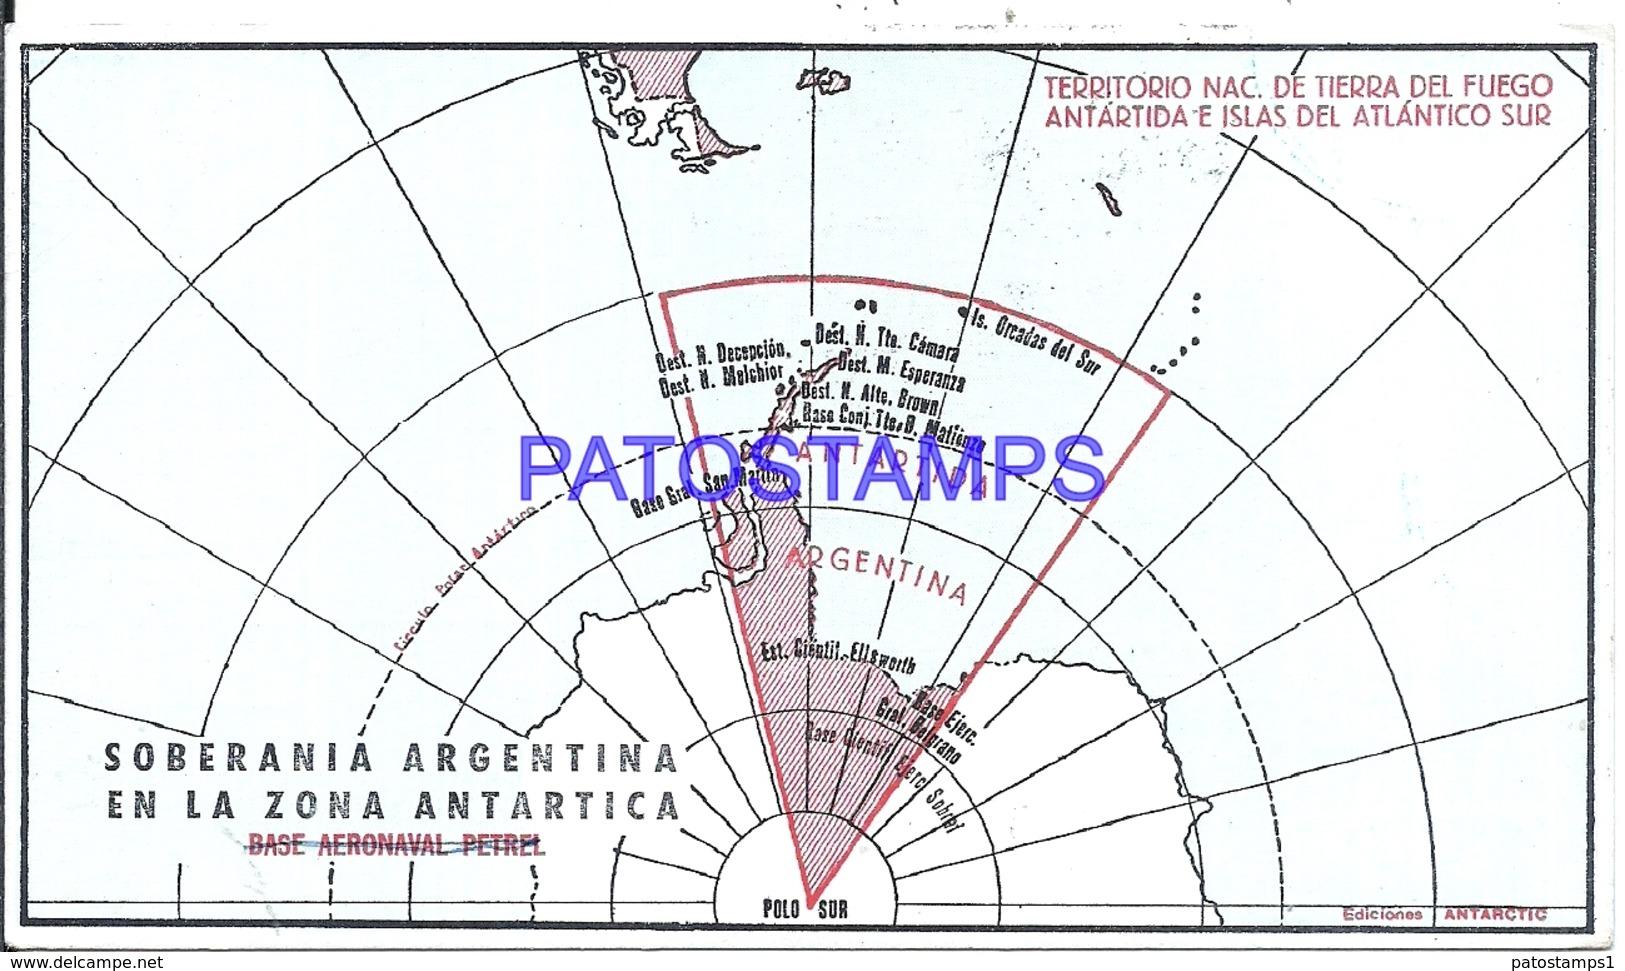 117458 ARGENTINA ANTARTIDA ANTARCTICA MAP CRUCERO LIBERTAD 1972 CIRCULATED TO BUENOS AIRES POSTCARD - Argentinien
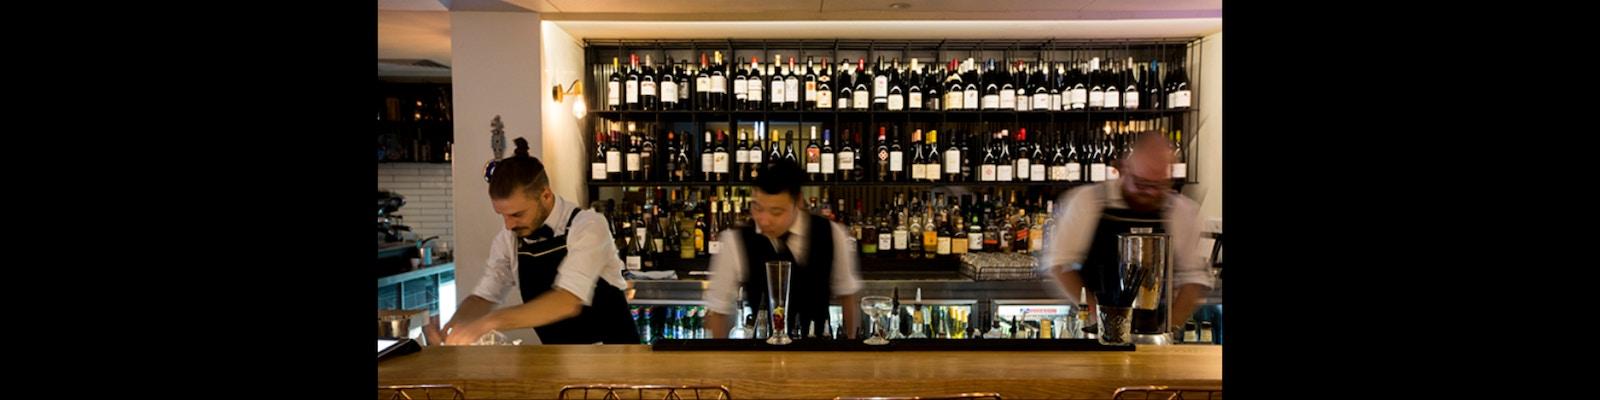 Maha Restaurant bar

* * *

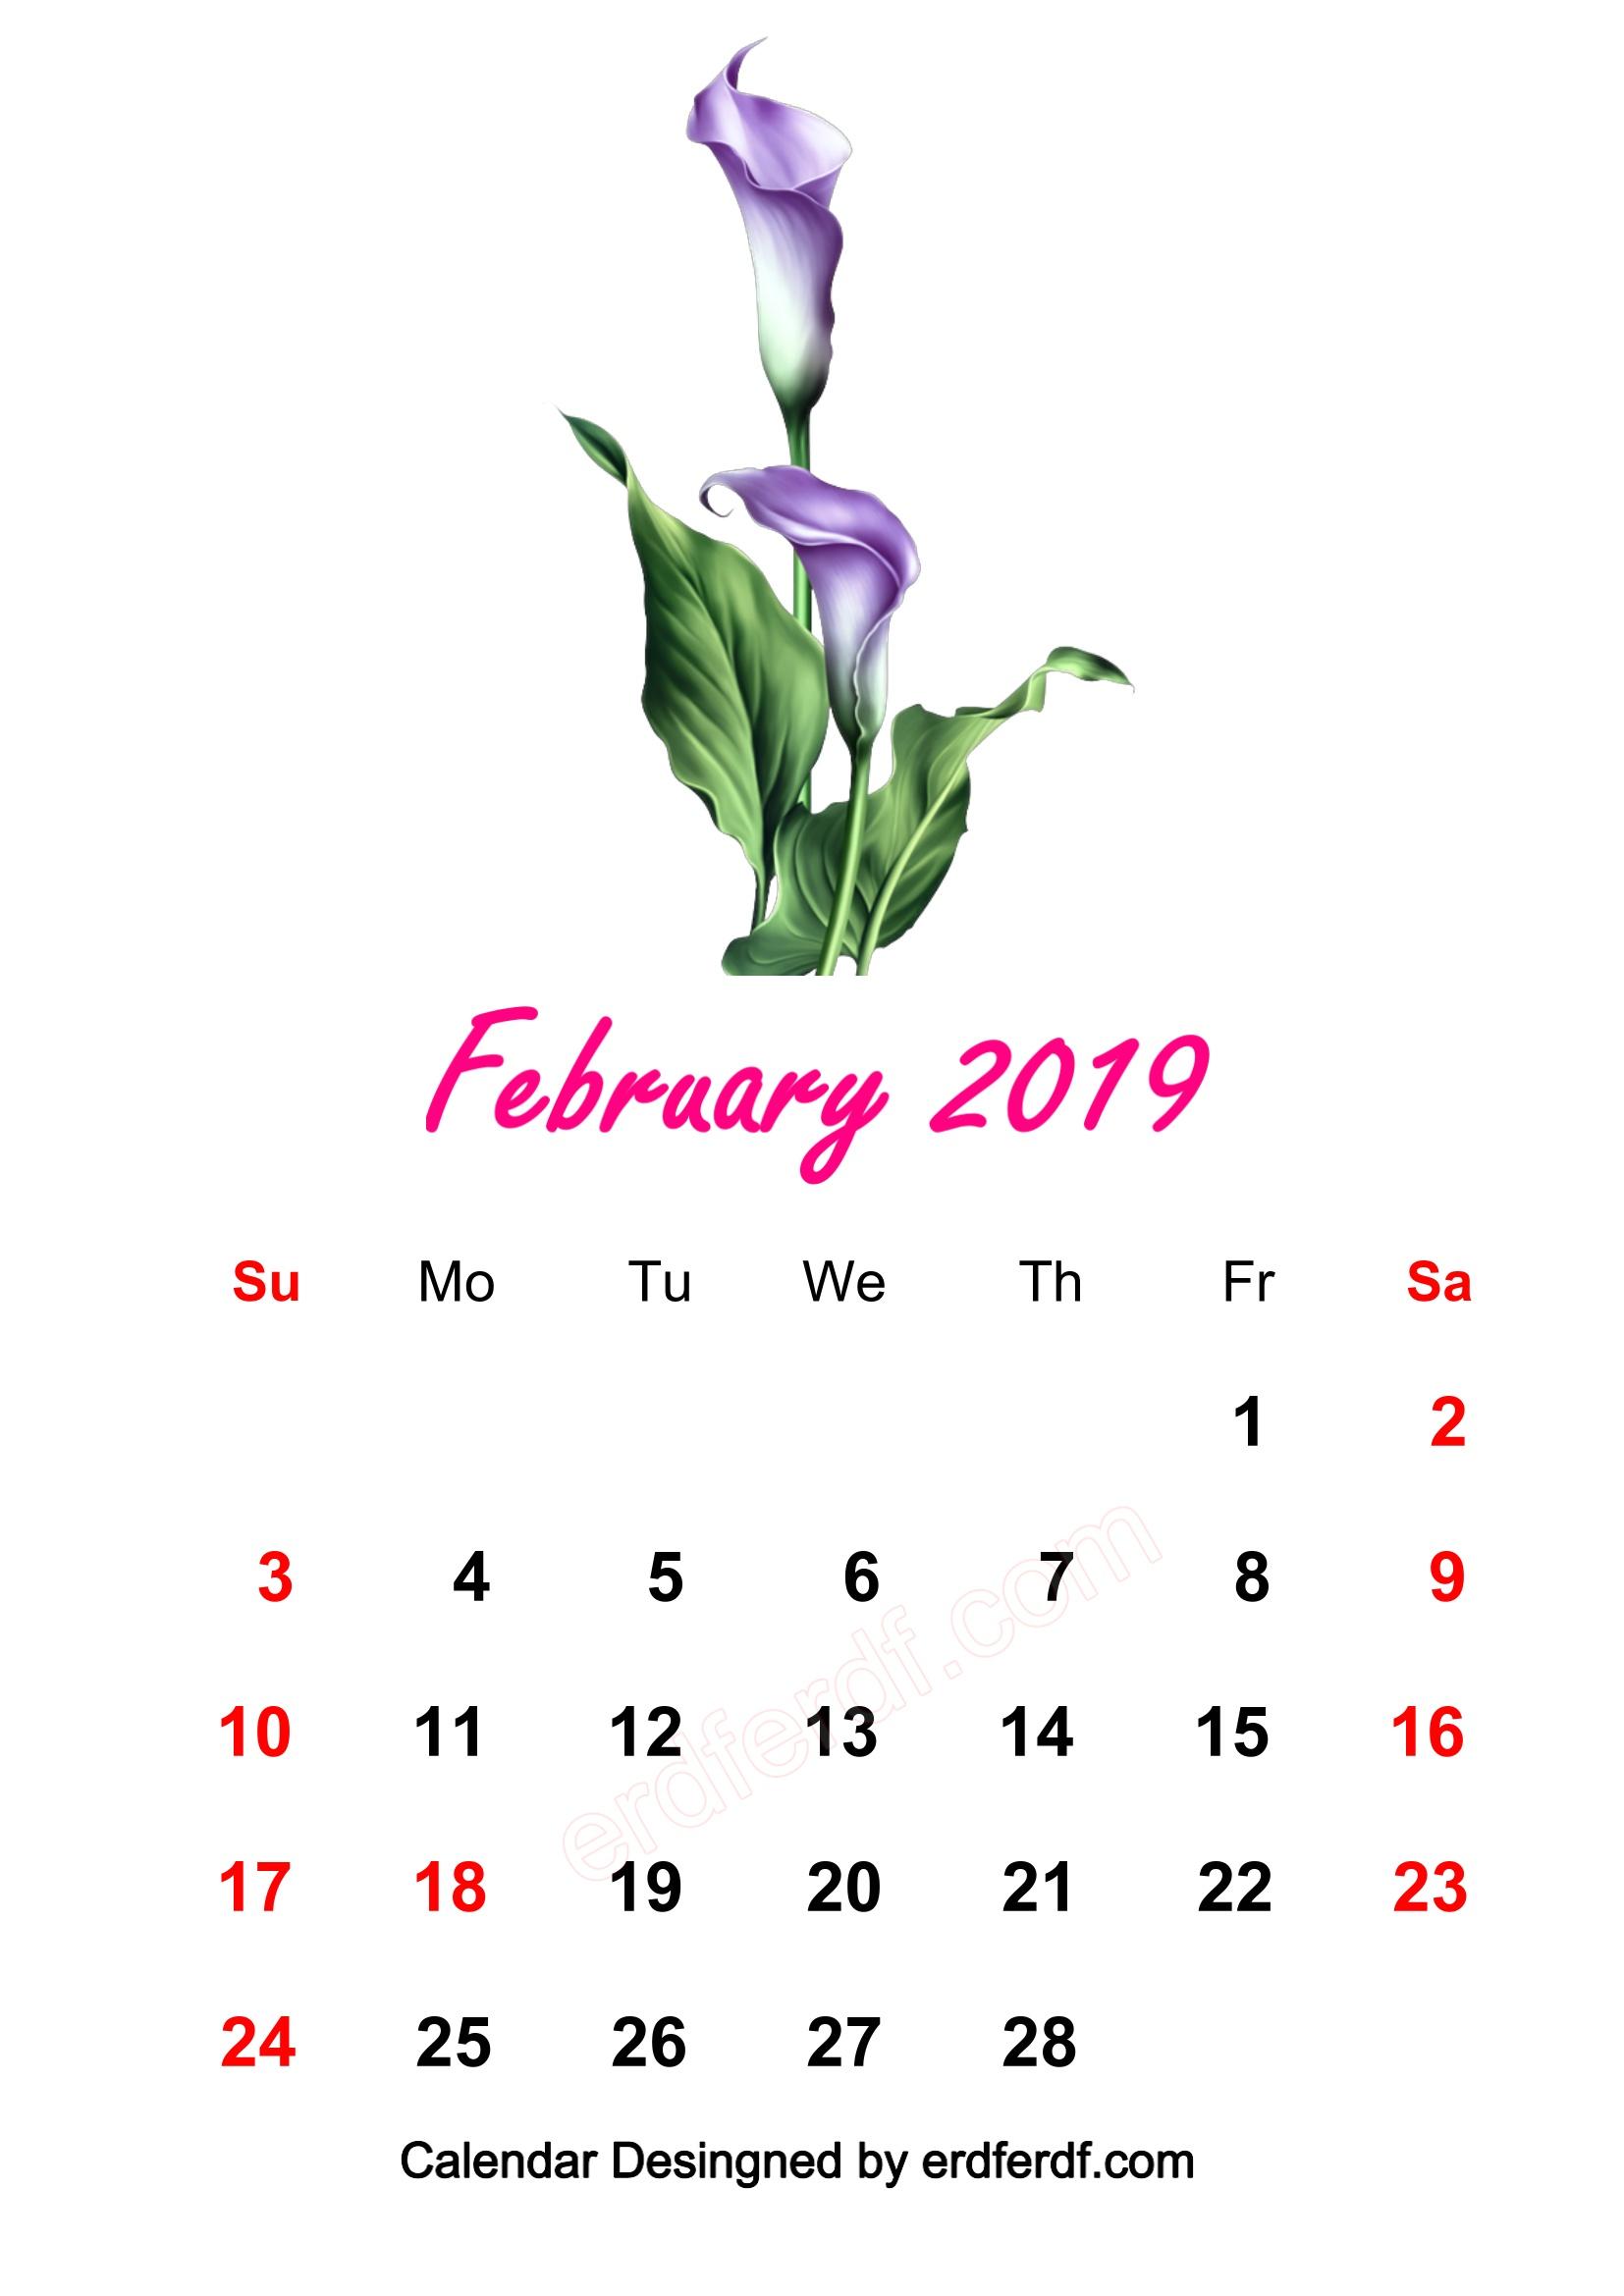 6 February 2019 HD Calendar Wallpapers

Required action –
Starting with the line that has "117458 ARGENTINA ANTARTIDA" and going on through the line that has "Maha Restaurant bar", transcribe the records above exactly, but skip the pictures.

Result –
 117458 ARGENTINA ANTARTIDA ANTARCTICA MAP CRUCERO LIBERTAD 1972 CIRCULATED TO BUENOS AIRES POSTCARD - Argentinien
 Maha Restaurant bar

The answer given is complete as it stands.